Before making the highly anticipated and potentially revolutionary announcement, scientists intensely cross-checked their data to ensure that analyses were not biased by the theory. 


"It was very climactic, but it was really the apex of a long process of internal scrutiny," Landsberg said.


"It was an unbelievable moment," Narain wrote in an email to The Herald. 


Though they do not know for certain whether they have found the Higgs boson that completes the Standard Model, Landsberg said the announcement was still a milestone because they have definitely found a new particle. 


The likelihood of this pattern of results arising without a new particle's existence are less than one in three million, Narain said in a University press release this summer.


"The fact that we found a new particle is fundamentally very important. There is a particle, which decays in a certain way and which is produced with a certain probability," Landsberg said. "It's the most important discovery of the century, if not the last 50 years of particle physics." 


The particle could have slightly different properties from the one needed to complete the Standard Model, Landsberg said. Researchers will continue to analyze the decay channels to strengthen their understanding of what it is, he said.  


By the time the collider shuts down for upgrades in December, researchers will be able to analyze six times as much data as was used in the discovery, Narain wrote.


If it is the Higgs boson, many questions still remain, such as why it has its particular mass. 


Landsberg said he is often asked about the practical implications of the discovery, which he said "are not quite clear yet." But, he added, many other scientific discoveries - such as Rutherford's discovery of the atomic nucleus - did not have immediately obvious practical applications. "Yet just 30 years later we had nuclear power plants and nuclear bombs."


He called the findings to date the "first step on a long road to understanding the true nature of this particle."



Pushing the boundaries of physics


For other researchers, the potential discovery of the particle is just the beginning of a new era of particle physics.

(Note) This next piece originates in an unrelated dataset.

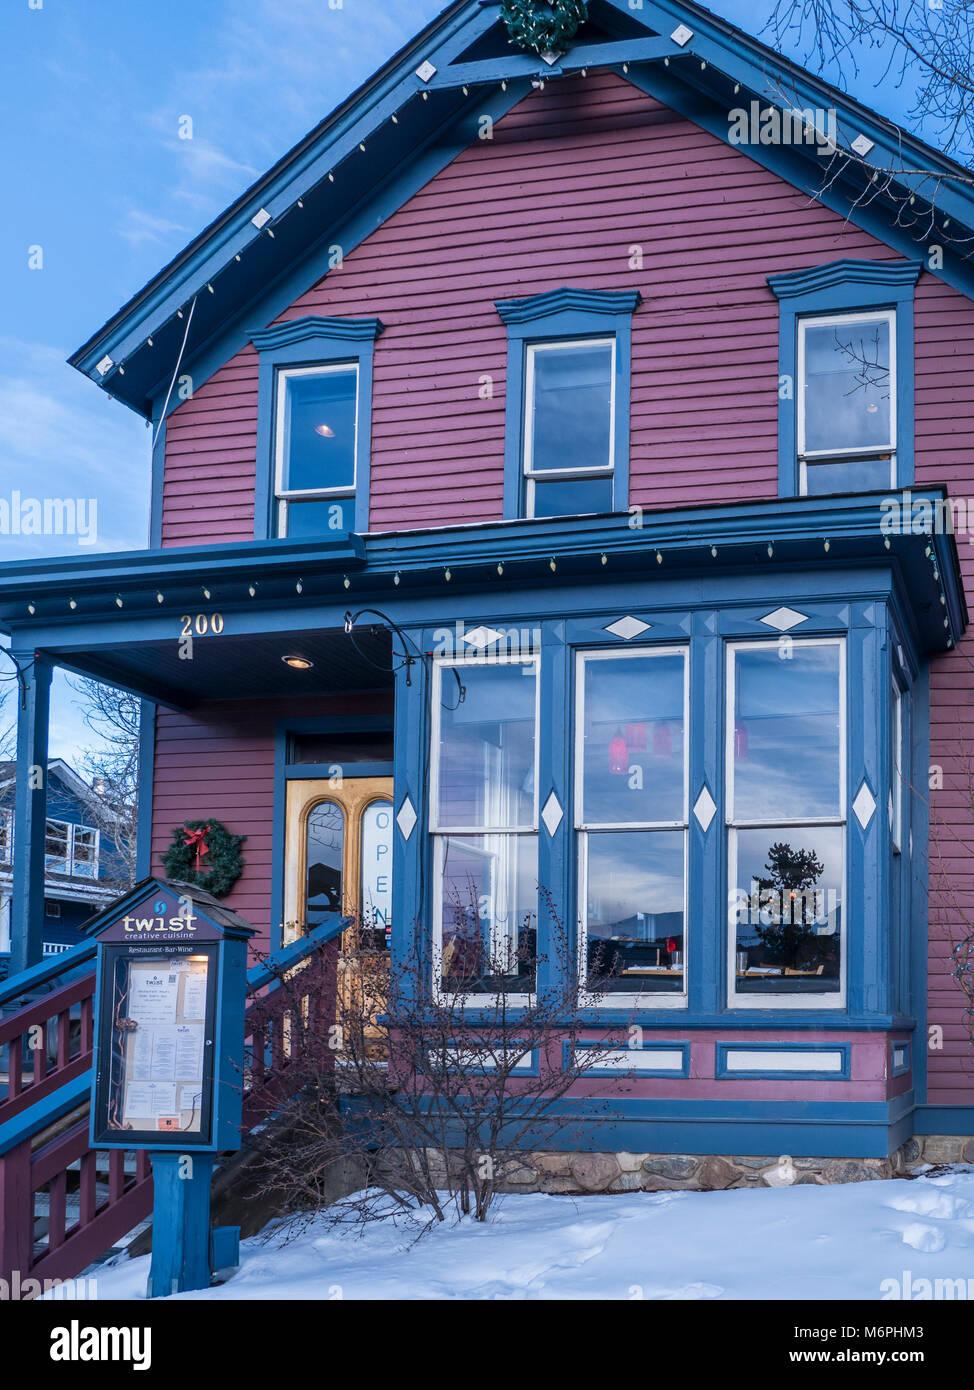 Restaurant Twist, le centre-ville de Breckenridge, Colorado. Photo Stock

Cutts, for instance, said his work on the CMS experiment is  "not just a search for the Higgs ­- it's a study of top quarks, it's a study of the electroweak interactions, it's understanding something called quantum thermodynamics and the types of jets of particles that quarks materialize. There's a whole lot of fundamental physics that we probe."

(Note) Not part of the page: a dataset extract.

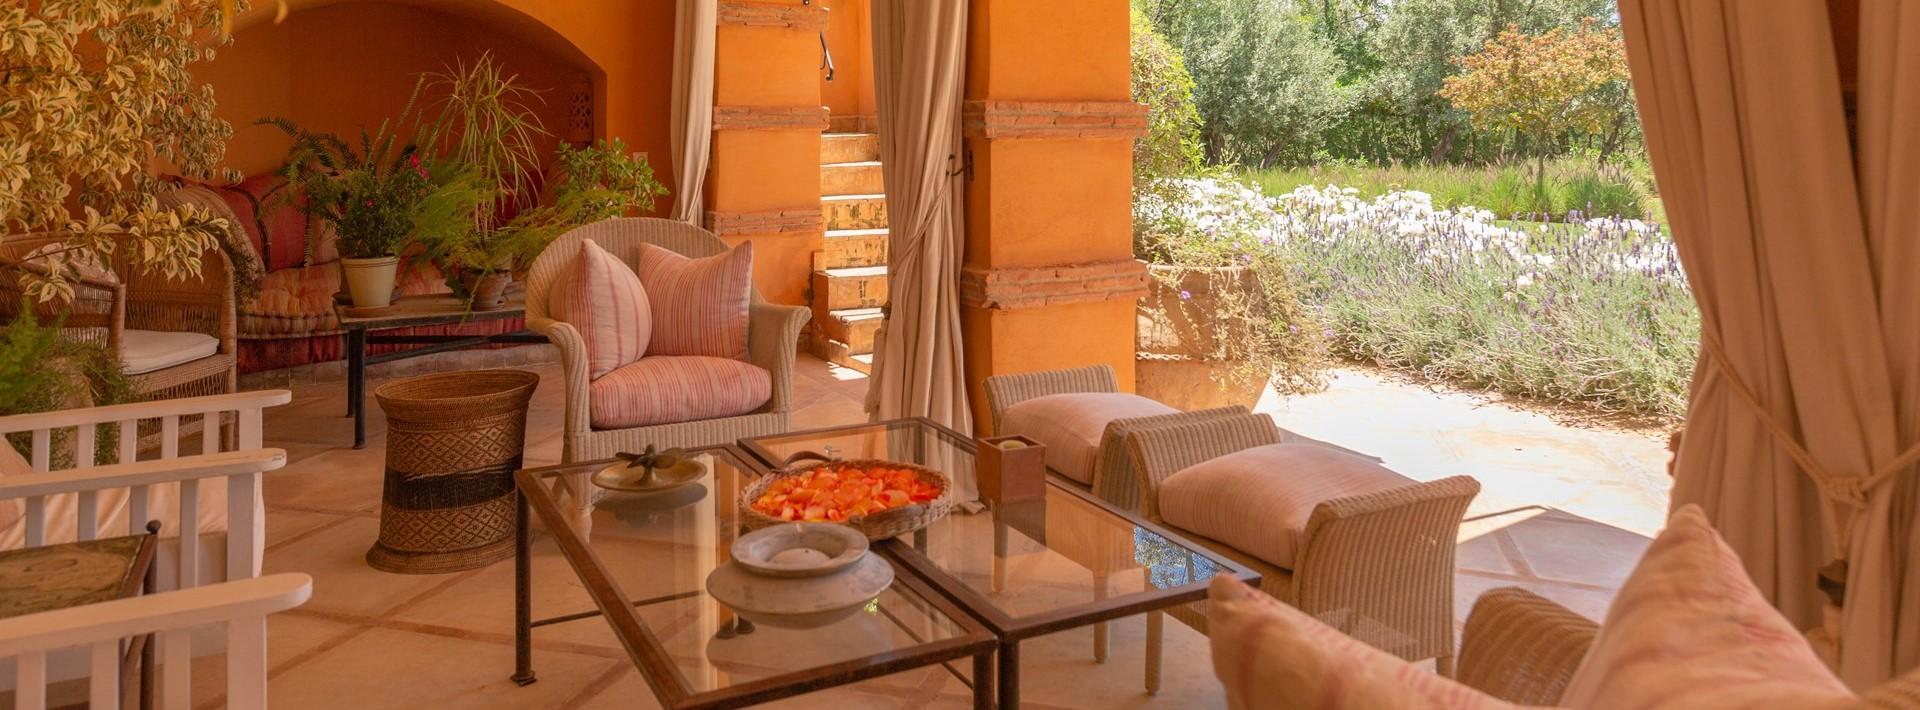 villa-dar-tourtite-terrace-seating

The fact that scientists now have tools that can collide particles with enough
energy to possibly create a Higgs boson means that "there are very likely other particles that are in our reach to discover," Cutts said.


"We've finally gotten to an energy level where we can start seeing new things," he added. He said though the new particle is likely the Higgs that completes the Standard Model, the new things that they will likely soon discover will exist in the realm of physics beyond the boundaries of that model. "That's what I'm looking forward to," he said.



The biggest reward


But for all the physicists, the best part of the search for the Higgs was being part of such a collaborative effort. 

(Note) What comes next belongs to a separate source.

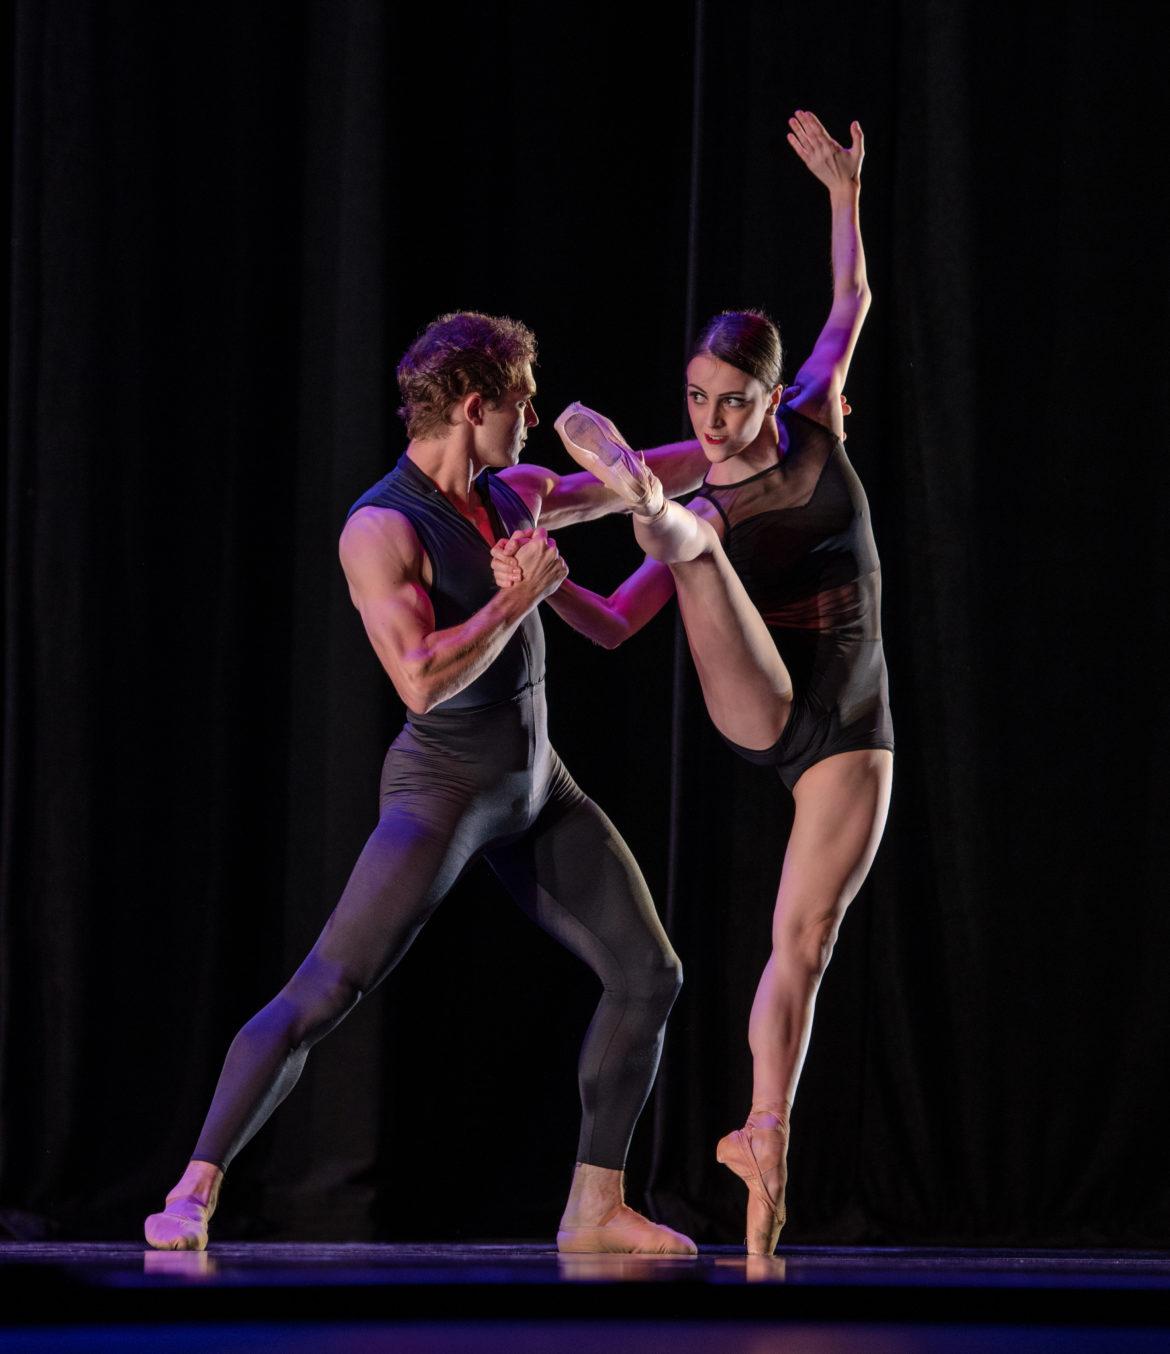 USA IBC ballet performer Katherine Barkman

"Just the thought that so many people could come together from so many places in the world," is what was most rewarding, Heintz said. 


"These discoveries really take thousands of people working together," Landsberg said. "This is really a triumph for science, not a triumph for individuals - really a triumph for all of civilization."



Correction: Due to an editing error, an earlier version of the caption corresponding to this article incorrectly implied that the described research had led to proof of the existence of the Higgs boson. As the article describes, the research instead led to evidence that a new particle thus far consistent with the Higgs boson needed to complete the Standard Model exists. The Herald regrets the error. 


An earlier version of this article stated that Gerald Guralnick, professor of physics at Brown, and his colleague Carl Hagen collaborated on a paper proposing the existence of what is now known as the Higgs boson. British scientist Tom Kibble also collaborated on the paper.